* [Problem to solve] Everything in the records below from the line containing "Clarks Men's Bampton" through the line containing "2018 SEMA Battle" is to be reproduced exactly, those two lines included; no picture is to be copied.

--- Supplied records Enclosed Below ---

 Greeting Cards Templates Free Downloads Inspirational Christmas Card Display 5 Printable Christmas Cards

--- End of Enclosed Supplied records ---
--- Supplied records Enclosed Below ---

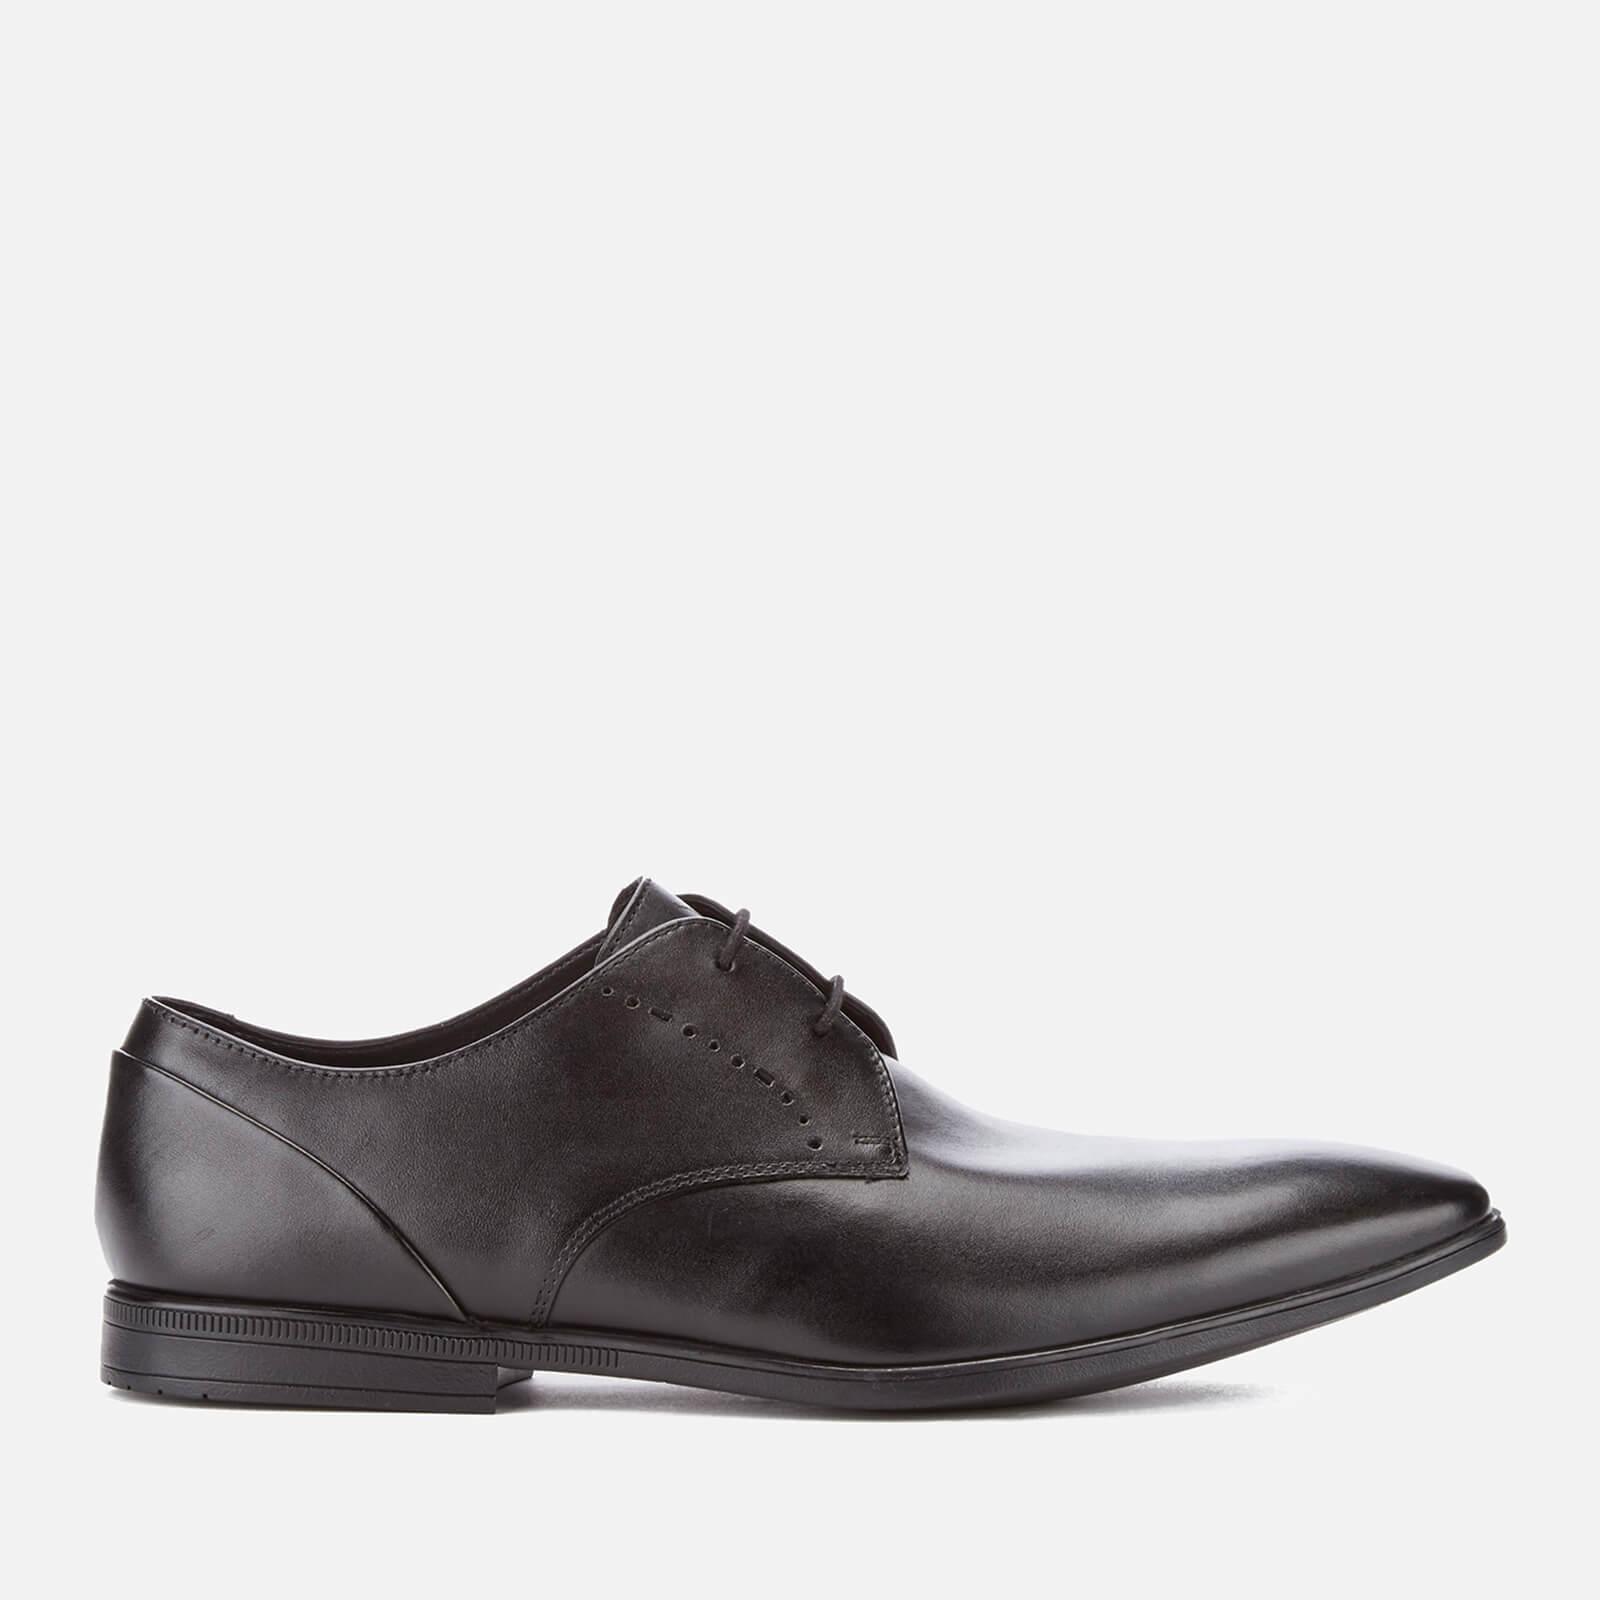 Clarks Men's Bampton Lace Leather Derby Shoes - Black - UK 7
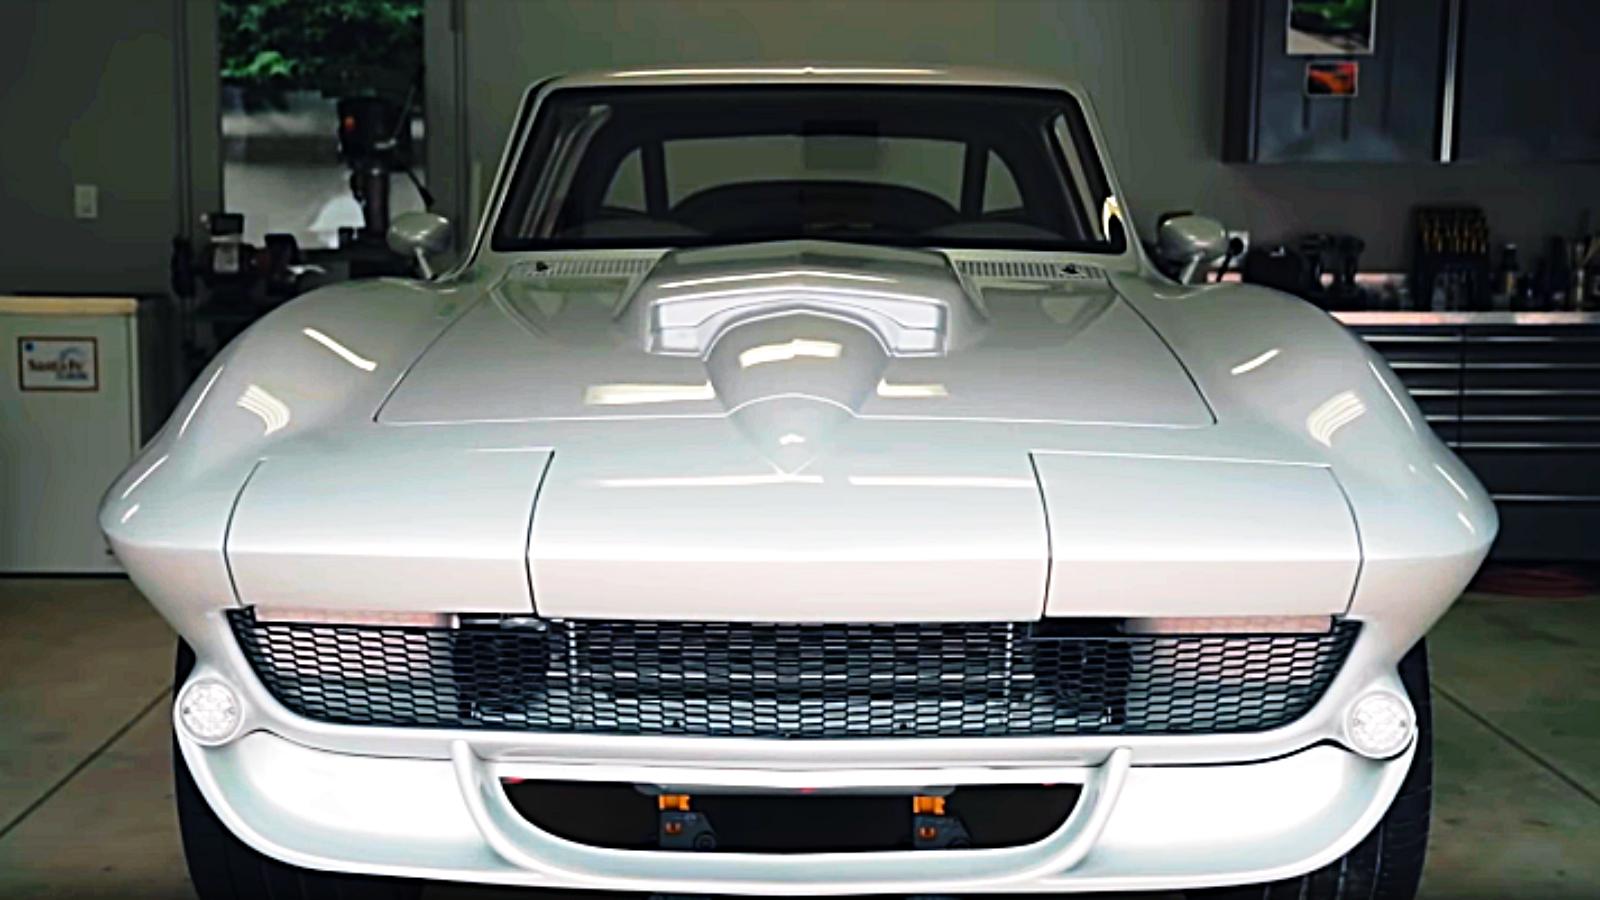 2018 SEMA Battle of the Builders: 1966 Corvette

--- End of Enclosed Supplied records ---

* [Output below]
 Clarks Men's Bampton Lace Leather Derby Shoes - Black - UK 7
 2018 SEMA Battle of the Builders: 1966 Corvette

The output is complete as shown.